_TO DO_
Return the whole of the data exactly.
* * * * * * * * *
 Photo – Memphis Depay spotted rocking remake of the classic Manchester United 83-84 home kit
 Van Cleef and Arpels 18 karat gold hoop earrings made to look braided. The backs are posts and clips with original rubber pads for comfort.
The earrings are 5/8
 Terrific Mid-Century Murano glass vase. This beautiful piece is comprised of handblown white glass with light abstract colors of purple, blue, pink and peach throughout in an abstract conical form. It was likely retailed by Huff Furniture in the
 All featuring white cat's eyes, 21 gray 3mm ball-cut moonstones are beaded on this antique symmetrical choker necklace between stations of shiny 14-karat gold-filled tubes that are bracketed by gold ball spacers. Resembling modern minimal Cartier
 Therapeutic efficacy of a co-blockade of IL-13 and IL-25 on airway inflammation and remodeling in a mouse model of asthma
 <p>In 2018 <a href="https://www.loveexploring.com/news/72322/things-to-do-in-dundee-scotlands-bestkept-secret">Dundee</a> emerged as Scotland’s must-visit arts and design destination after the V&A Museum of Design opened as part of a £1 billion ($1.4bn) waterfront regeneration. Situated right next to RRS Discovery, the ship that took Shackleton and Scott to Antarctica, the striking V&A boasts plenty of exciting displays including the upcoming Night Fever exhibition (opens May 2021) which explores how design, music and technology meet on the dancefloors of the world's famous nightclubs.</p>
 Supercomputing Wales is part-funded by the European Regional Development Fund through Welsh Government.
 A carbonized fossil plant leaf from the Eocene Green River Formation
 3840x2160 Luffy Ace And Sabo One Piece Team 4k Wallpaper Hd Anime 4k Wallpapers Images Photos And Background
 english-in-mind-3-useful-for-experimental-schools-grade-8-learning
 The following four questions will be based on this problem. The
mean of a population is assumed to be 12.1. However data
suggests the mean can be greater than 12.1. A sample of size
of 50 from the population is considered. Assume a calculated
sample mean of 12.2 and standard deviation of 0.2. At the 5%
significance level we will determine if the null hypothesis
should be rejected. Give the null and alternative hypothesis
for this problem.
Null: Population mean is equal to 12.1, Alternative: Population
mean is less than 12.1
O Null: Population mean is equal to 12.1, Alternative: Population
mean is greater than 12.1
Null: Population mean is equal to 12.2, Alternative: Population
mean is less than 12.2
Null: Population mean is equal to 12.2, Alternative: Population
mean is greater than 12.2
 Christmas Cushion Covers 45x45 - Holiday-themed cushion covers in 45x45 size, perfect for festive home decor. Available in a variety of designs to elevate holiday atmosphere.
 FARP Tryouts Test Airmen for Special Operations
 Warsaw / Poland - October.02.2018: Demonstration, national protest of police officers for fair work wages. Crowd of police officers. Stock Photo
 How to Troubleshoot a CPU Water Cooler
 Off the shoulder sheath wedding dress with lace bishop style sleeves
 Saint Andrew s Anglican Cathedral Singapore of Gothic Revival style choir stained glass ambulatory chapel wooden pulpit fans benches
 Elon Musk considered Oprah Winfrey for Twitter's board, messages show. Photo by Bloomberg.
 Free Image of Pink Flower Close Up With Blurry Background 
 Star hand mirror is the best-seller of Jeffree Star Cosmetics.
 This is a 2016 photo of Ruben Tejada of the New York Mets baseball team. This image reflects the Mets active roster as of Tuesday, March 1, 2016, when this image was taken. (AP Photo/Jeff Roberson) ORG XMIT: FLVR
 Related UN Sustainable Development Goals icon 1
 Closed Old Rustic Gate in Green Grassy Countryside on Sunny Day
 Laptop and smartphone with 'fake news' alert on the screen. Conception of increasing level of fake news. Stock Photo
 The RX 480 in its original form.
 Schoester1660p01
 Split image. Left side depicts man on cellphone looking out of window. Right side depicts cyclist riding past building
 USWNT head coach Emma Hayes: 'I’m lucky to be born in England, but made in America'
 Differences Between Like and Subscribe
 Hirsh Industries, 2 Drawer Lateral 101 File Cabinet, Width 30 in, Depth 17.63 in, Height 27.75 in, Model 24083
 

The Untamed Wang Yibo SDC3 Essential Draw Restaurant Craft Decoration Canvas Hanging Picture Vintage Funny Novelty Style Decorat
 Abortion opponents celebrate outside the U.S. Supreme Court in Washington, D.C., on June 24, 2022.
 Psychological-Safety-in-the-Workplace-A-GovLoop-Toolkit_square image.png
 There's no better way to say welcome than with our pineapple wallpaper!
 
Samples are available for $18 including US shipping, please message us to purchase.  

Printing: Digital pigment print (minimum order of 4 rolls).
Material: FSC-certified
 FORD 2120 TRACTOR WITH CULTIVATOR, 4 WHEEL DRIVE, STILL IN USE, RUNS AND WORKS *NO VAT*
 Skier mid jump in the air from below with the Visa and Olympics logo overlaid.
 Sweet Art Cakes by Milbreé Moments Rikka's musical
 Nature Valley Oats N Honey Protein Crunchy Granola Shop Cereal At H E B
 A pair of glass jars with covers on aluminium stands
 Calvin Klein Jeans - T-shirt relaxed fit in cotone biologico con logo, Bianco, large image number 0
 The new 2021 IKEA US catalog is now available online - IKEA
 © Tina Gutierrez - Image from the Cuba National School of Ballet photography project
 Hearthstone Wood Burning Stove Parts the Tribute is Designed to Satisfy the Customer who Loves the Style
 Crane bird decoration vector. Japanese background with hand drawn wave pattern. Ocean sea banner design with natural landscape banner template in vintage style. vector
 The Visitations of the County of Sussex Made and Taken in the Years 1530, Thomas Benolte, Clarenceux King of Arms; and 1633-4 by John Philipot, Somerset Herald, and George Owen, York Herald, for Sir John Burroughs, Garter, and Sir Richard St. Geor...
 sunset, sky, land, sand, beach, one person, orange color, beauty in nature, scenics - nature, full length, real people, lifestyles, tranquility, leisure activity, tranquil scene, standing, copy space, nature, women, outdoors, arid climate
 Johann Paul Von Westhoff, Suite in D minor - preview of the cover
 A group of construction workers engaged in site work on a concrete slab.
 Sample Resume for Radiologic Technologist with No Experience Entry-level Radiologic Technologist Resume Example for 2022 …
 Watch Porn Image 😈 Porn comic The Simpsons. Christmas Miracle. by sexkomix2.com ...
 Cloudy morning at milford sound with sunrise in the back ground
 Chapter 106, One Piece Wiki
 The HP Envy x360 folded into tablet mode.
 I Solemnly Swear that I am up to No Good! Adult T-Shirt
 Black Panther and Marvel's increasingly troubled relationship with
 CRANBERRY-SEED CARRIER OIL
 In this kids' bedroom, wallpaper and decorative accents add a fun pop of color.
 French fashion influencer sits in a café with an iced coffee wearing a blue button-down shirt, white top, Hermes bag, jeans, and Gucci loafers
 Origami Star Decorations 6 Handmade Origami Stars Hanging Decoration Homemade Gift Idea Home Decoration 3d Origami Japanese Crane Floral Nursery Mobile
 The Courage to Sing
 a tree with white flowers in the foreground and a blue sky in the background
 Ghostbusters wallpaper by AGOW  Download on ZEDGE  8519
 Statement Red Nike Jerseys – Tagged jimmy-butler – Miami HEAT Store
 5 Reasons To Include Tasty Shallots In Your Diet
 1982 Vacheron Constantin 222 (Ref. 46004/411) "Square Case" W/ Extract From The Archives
* * * * * * * * *
_EXERCISE ANSWER_
 Photo – Memphis Depay spotted rocking remake of the classic Manchester United 83-84 home kit
 Van Cleef and Arpels 18 karat gold hoop earrings made to look braided. The backs are posts and clips with original rubber pads for comfort.
The earrings are 5/8
 Terrific Mid-Century Murano glass vase. This beautiful piece is comprised of handblown white glass with light abstract colors of purple, blue, pink and peach throughout in an abstract conical form. It was likely retailed by Huff Furniture in the
 All featuring white cat's eyes, 21 gray 3mm ball-cut moonstones are beaded on this antique symmetrical choker necklace between stations of shiny 14-karat gold-filled tubes that are bracketed by gold ball spacers. Resembling modern minimal Cartier
 Therapeutic efficacy of a co-blockade of IL-13 and IL-25 on airway inflammation and remodeling in a mouse model of asthma
 <p>In 2018 <a href="https://www.loveexploring.com/news/72322/things-to-do-in-dundee-scotlands-bestkept-secret">Dundee</a> emerged as Scotland’s must-visit arts and design destination after the V&A Museum of Design opened as part of a £1 billion ($1.4bn) waterfront regeneration. Situated right next to RRS Discovery, the ship that took Shackleton and Scott to Antarctica, the striking V&A boasts plenty of exciting displays including the upcoming Night Fever exhibition (opens May 2021) which explores how design, music and technology meet on the dancefloors of the world's famous nightclubs.</p>
 Supercomputing Wales is part-funded by the European Regional Development Fund through Welsh Government.
 A carbonized fossil plant leaf from the Eocene Green River Formation
 3840x2160 Luffy Ace And Sabo One Piece Team 4k Wallpaper Hd Anime 4k Wallpapers Images Photos And Background
 english-in-mind-3-useful-for-experimental-schools-grade-8-learning
 The following four questions will be based on this problem. The
mean of a population is assumed to be 12.1. However data
suggests the mean can be greater than 12.1. A sample of size
of 50 from the population is considered. Assume a calculated
sample mean of 12.2 and standard deviation of 0.2. At the 5%
significance level we will determine if the null hypothesis
should be rejected. Give the null and alternative hypothesis
for this problem.
Null: Population mean is equal to 12.1, Alternative: Population
mean is less than 12.1
O Null: Population mean is equal to 12.1, Alternative: Population
mean is greater than 12.1
Null: Population mean is equal to 12.2, Alternative: Population
mean is less than 12.2
Null: Population mean is equal to 12.2, Alternative: Population
mean is greater than 12.2
 Christmas Cushion Covers 45x45 - Holiday-themed cushion covers in 45x45 size, perfect for festive home decor. Available in a variety of designs to elevate holiday atmosphere.
 FARP Tryouts Test Airmen for Special Operations
 Warsaw / Poland - October.02.2018: Demonstration, national protest of police officers for fair work wages. Crowd of police officers. Stock Photo
 How to Troubleshoot a CPU Water Cooler
 Off the shoulder sheath wedding dress with lace bishop style sleeves
 Saint Andrew s Anglican Cathedral Singapore of Gothic Revival style choir stained glass ambulatory chapel wooden pulpit fans benches
 Elon Musk considered Oprah Winfrey for Twitter's board, messages show. Photo by Bloomberg.
 Free Image of Pink Flower Close Up With Blurry Background 
 Star hand mirror is the best-seller of Jeffree Star Cosmetics.
 This is a 2016 photo of Ruben Tejada of the New York Mets baseball team. This image reflects the Mets active roster as of Tuesday, March 1, 2016, when this image was taken. (AP Photo/Jeff Roberson) ORG XMIT: FLVR
 Related UN Sustainable Development Goals icon 1
 Closed Old Rustic Gate in Green Grassy Countryside on Sunny Day
 Laptop and smartphone with 'fake news' alert on the screen. Conception of increasing level of fake news. Stock Photo
 The RX 480 in its original form.
 Schoester1660p01
 Split image. Left side depicts man on cellphone looking out of window. Right side depicts cyclist riding past building
 USWNT head coach Emma Hayes: 'I’m lucky to be born in England, but made in America'
 Differences Between Like and Subscribe
 Hirsh Industries, 2 Drawer Lateral 101 File Cabinet, Width 30 in, Depth 17.63 in, Height 27.75 in, Model 24083
 

The Untamed Wang Yibo SDC3 Essential Draw Restaurant Craft Decoration Canvas Hanging Picture Vintage Funny Novelty Style Decorat
 Abortion opponents celebrate outside the U.S. Supreme Court in Washington, D.C., on June 24, 2022.
 Psychological-Safety-in-the-Workplace-A-GovLoop-Toolkit_square image.png
 There's no better way to say welcome than with our pineapple wallpaper!
 
Samples are available for $18 including US shipping, please message us to purchase.  

Printing: Digital pigment print (minimum order of 4 rolls).
Material: FSC-certified
 FORD 2120 TRACTOR WITH CULTIVATOR, 4 WHEEL DRIVE, STILL IN USE, RUNS AND WORKS *NO VAT*
 Skier mid jump in the air from below with the Visa and Olympics logo overlaid.
 Sweet Art Cakes by Milbreé Moments Rikka's musical
 Nature Valley Oats N Honey Protein Crunchy Granola Shop Cereal At H E B
 A pair of glass jars with covers on aluminium stands
 Calvin Klein Jeans - T-shirt relaxed fit in cotone biologico con logo, Bianco, large image number 0
 The new 2021 IKEA US catalog is now available online - IKEA
 © Tina Gutierrez - Image from the Cuba National School of Ballet photography project
 Hearthstone Wood Burning Stove Parts the Tribute is Designed to Satisfy the Customer who Loves the Style
 Crane bird decoration vector. Japanese background with hand drawn wave pattern. Ocean sea banner design with natural landscape banner template in vintage style. vector
 The Visitations of the County of Sussex Made and Taken in the Years 1530, Thomas Benolte, Clarenceux King of Arms; and 1633-4 by John Philipot, Somerset Herald, and George Owen, York Herald, for Sir John Burroughs, Garter, and Sir Richard St. Geor...
 sunset, sky, land, sand, beach, one person, orange color, beauty in nature, scenics - nature, full length, real people, lifestyles, tranquility, leisure activity, tranquil scene, standing, copy space, nature, women, outdoors, arid climate
 Johann Paul Von Westhoff, Suite in D minor - preview of the cover
 A group of construction workers engaged in site work on a concrete slab.
 Sample Resume for Radiologic Technologist with No Experience Entry-level Radiologic Technologist Resume Example for 2022 …
 Watch Porn Image 😈 Porn comic The Simpsons. Christmas Miracle. by sexkomix2.com ...
 Cloudy morning at milford sound with sunrise in the back ground
 Chapter 106, One Piece Wiki
 The HP Envy x360 folded into tablet mode.
 I Solemnly Swear that I am up to No Good! Adult T-Shirt
 Black Panther and Marvel's increasingly troubled relationship with
 CRANBERRY-SEED CARRIER OIL
 In this kids' bedroom, wallpaper and decorative accents add a fun pop of color.
 French fashion influencer sits in a café with an iced coffee wearing a blue button-down shirt, white top, Hermes bag, jeans, and Gucci loafers
 Origami Star Decorations 6 Handmade Origami Stars Hanging Decoration Homemade Gift Idea Home Decoration 3d Origami Japanese Crane Floral Nursery Mobile
 The Courage to Sing
 a tree with white flowers in the foreground and a blue sky in the background
 Ghostbusters wallpaper by AGOW  Download on ZEDGE  8519
 Statement Red Nike Jerseys – Tagged jimmy-butler – Miami HEAT Store
 5 Reasons To Include Tasty Shallots In Your Diet
 1982 Vacheron Constantin 222 (Ref. 46004/411) "Square Case" W/ Extract From The Archives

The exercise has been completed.